From the graph one can see positive relationship between income and debt. Now we run multiple regress line
#Regression model
debt_model <- lm(debt ~ credit_limit + income, data = credit_ch6)
summary(debt_model)
##
## Call:
## lm(formula = debt ~ credit_limit + income, data = credit_ch6)
##
## Residuals:
## Min 1Q Median 3Q Max
## -232.79 -115.45 -48.20 53.36 549.77
##
## Coefficients:
## Estimate Std. Error t value Pr(>|t|)
## (Intercept) -385.17926 19.46480 -19.79 <2e-16 ***
## credit_limit 0.26432 0.00588 44.95 <2e-16 ***
## income -7.66332 0.38507 -19.90 <2e-16 ***
## ---
## Signif. codes: 0 '***' 0.001 '**' 0.01 '*' 0.05 '.' 0.1 ' ' 1
##
## Residual standard error: 165.5 on 397 degrees of freedom
## Multiple R-squared: 0.8711, Adjusted R-squared: 0.8705
## F-statistic: 1342 on 2 and 397 DF, p-value: < 2.2e-16
Observe that regression coefficient of income is now negative and for every $1000 income increase there is debt reduction of $7.66. This is in contrast to earlier correlation and graphical analysis which shows positive association between income and debt.

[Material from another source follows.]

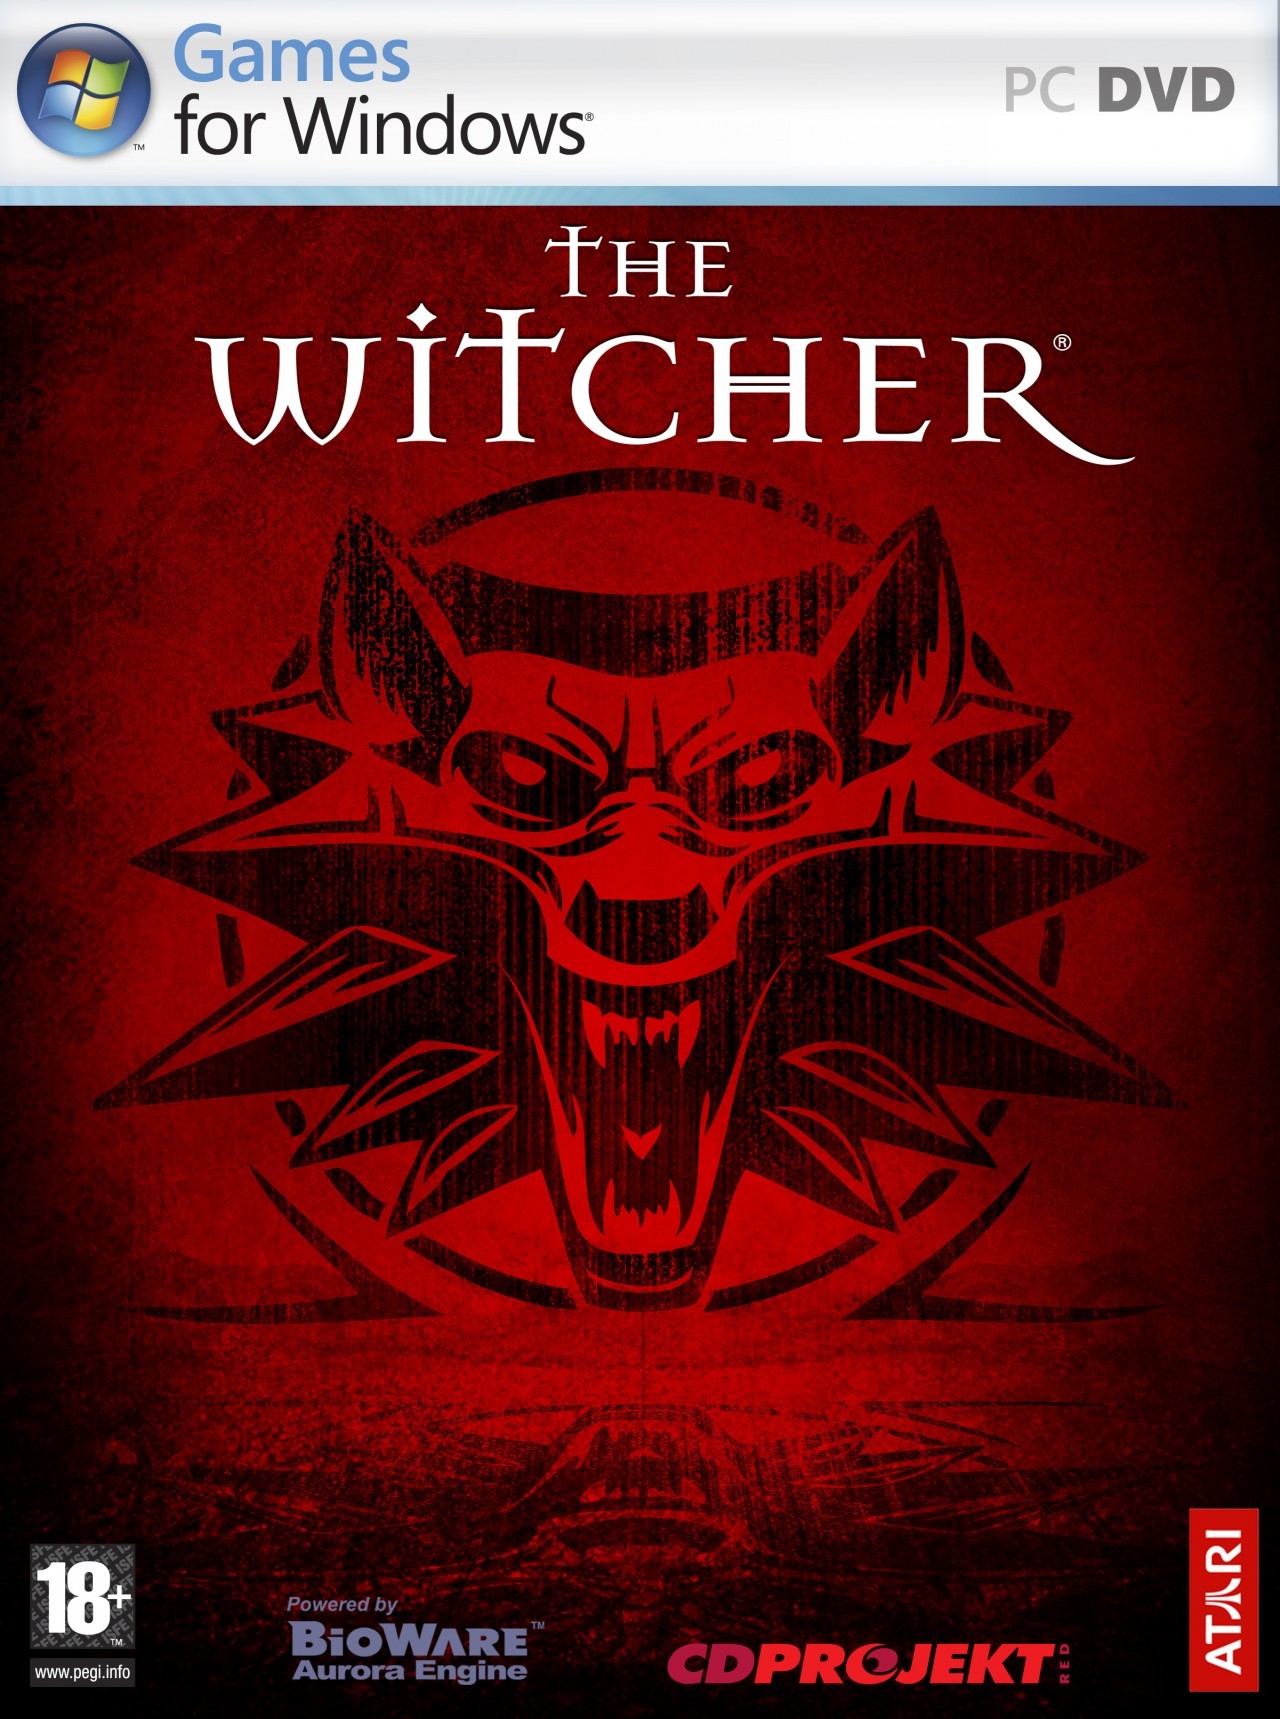 Veja os requisitos de The Witcher III: Wild Hunt, o jogo que

So when credit_limit variable is included there is negative relationship between income and debt . Now lets look at disaggregated analysis between credit_limit and outcome variable debt.
ggplot(credit_ch6, aes(x = credit_limit)) +
geom_histogram(color = "white") +
geom_vline(xintercept = quantile(credit_ch6$credit_limit, probs = c(0.25, 0.5, 0.75)), linetype = "dashed", size = 1) +
labs(x = "Credit limit", title = "Credit limit and 4 credit limit brackets.")
## `stat_bin()` using `bins = 30`. Pick better value with `binwidth`.
25% (100) persons have credit limits between 0 and 3308 (low credit limit). 25% have between 3308 and 4622 (medium credit limit), 25% have credit limit between 4662 and 5873 (medium hight credit limit) and 25% have credit limit abot $5873 (hig credit limit).
Lets have a plot between income and debt for the 4 credit limit separately and find out whether relationship is still positive.
credit_ch6 <- credit_ch6 %>%
mutate(limit_bracket = cut_number(credit_limit, 4)) %>%
mutate(limit_bracket = fct_recode(limit_bracket,
"low" = "[855,3.09e+03]",
"med-low" = "(3.09e+03,4.62e+03]",
"med-high" = "(4.62e+03,5.87e+03]",
"high" = "(5.87e+03,1.39e+04]"
))
head(credit_ch6)
## # A tibble: 6 x 7
## ID debt credit_limit income credit_rating age limit_bracket
## <int> <int> <int> <dbl> <int> <int> <fct>
## 1 1 333 3606 14.9 283 34 med-low
## 2 2 903 6645 106. 483 82 high
## 3 3 580 7075 105. 514 71 high
## 4 4 964 9504 149. 681 36 high
## 5 5 331 4897 55.9 357 68 med-high
## 6 6 1151 8047 80.2 569 77 high
model3_balance_vs_income_plot <- ggplot(credit_ch6, aes(x = income, y = debt)) +
geom_point() +
labs(x = "Income (in $1000)", y = "Credit card debt (in $)",
title = "Two scatterplots of credit card debt vs income") +
geom_smooth(method = "lm", se = FALSE) +
scale_y_continuous(limits = c(0, NA))
model3_balance_vs_income_plot_colored <- ggplot(credit_ch6,
aes(x = income, y = debt,
col = limit_bracket)) +
geom_point() +
geom_smooth(method = "lm", se = FALSE) +
labs(x = "Income (in $1000)", y = "Credit card debt (in $)",
color = "Credit limit\nbracket") +
scale_y_continuous(limits = c(0, NA)) +
theme(axis.title.y = element_blank())
model3_balance_vs_income_plot
model3_balance_vs_income_plot_colored
## Warning: Removed 18 rows containing missing values (geom_smooth).
Aggregate relationship between debt and income is positive but when we plot debt and income relationship for 4 separate categories, we find that relationship for med-low and med-high is negative, it is flat for low category and is only somewhat positive for high category. credit_limit is a confounding variable and without including credit-limit, results will be misleading.